We measured the peak memory footprint when indexing these collections (Figure 4). We ran these experiments on an Intel(R) Xeon(R) CPU E5–2650 v4 @ 2.20GHz system with 256GB memory. Memory footprints for LRA grew more quickly than those for 1KG. This was expected due to the greater genetic diversity captured in the assemblies. This may also be due in part to the presence of sequencing errors in the long-read assembles; long-read technologies are more prone to indel errors than short-read technologies, for example, and some may survive in the assemblies. Also as expected, memory footprints for the LRA series that included both forward and reverse complement sequences grew more slowly than when just the forward sequence was included. This is due to sequences that differ only (or primarily) in their orientation between assemblies. All series exhibit sublinear trends, highlighting the efficacy of r-index compression even when indexing genetically diverse whole-genome assemblies. Indexing the forward and reverse complement strands of 10 1KG individuals took about 6 hours and 20 minutes and the final index size was 36GB.

Fig. 4:

Peak index-building memory for r-index when indexing successively large collections of 1000-Genomes individuals (1KG) and long-read whole-genome assemblies (LRA).

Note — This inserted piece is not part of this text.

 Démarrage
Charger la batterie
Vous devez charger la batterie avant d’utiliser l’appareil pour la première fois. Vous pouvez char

We also measured lengths and n/r ratios for each collection of whole genomes (Table 1). Consistent with the memory-scaling results, we see that the n/r ratios are somewhat lower for the LRA series than for the 1KG series, likely due to greater genetic diversity in the assemblies.

Table 1:

Sequence length and n/r statistic with respect to number of whole genomes for the first 6 collections in the 1000 Genomes (1KG) and long-read assembly (LRA) series.

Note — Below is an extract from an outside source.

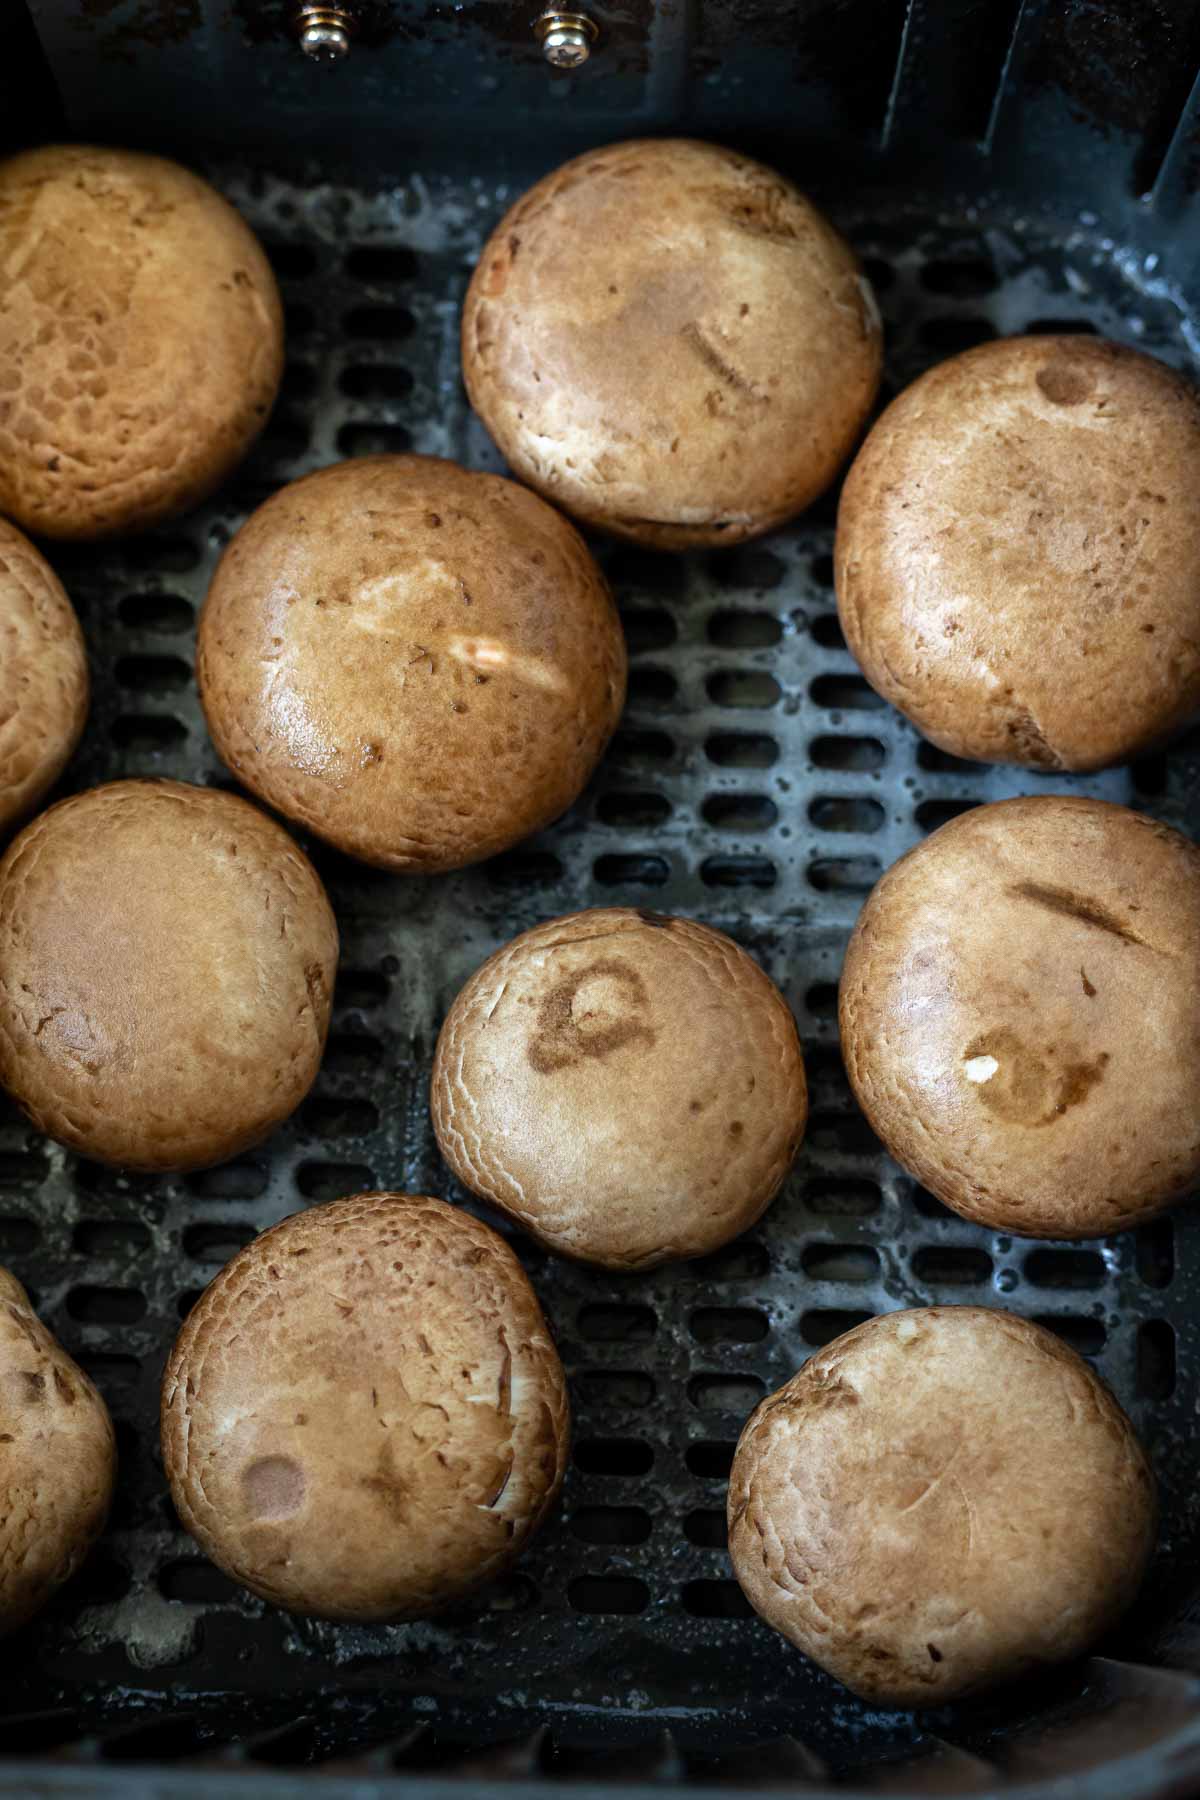 mushroom caps in air fryer basket

# Genomes	Sequence Length (MB)		n/r
	1KG	LRA	1KG	LRA
1	6,072	6,072	1.86	1.86
2	12,144	12,484	3.70	3.58
3	18,217	17,006	5.38	4.83
4	24,408	22,739	7.13	6.25
5	30,480	28,732	8.87	7.80
6	36,671	34,420	10.63	9.28

7. Conclusions and Future Work

We give an algorithm for building the SA and SA sample from the prefix-free parse of an input string S, which fully completes the practical challenge of building the index proposed by Gagie et al. [11]. This leads to a mechanism for building a complete index of large databases — which is the linchpin in developing practical means for pan-genomics short read alignment. We apply our method for indexing partial and whole human genomes, and show that it scales better than Bowtie with respect to both memory and time. This allows for an index to be constructed for large collections of chromosome 19s (500 or more); a task that is out of reach of Bowtie, causing it to exhaust memory even with a budget of 512 GB. Our method produces indexes in a smaller memory footprint than a Hybrid Index-based method (CHIC [33]) while providing much faster locate time

Though this work opens the door to indexing large collections of genomes, it also highlights problems needing further investigation. A major question is how this work can be adapted to work on large sets of sequence reads. This problem not only requires the construction of the r-index but also adapting and incorporating efficient means [1] to update the index as new datasets become available. Moreover, the use of many reference sequences complicates the task of a read aligner performing approximate matching. In the future it will be important to explore both techniques like r-index that can facilitate the seed-finding phase of approximate matching, but also techniques — perhaps like those proposed in entropy-scaling search [36] — that can facilitate the gapped extension phase.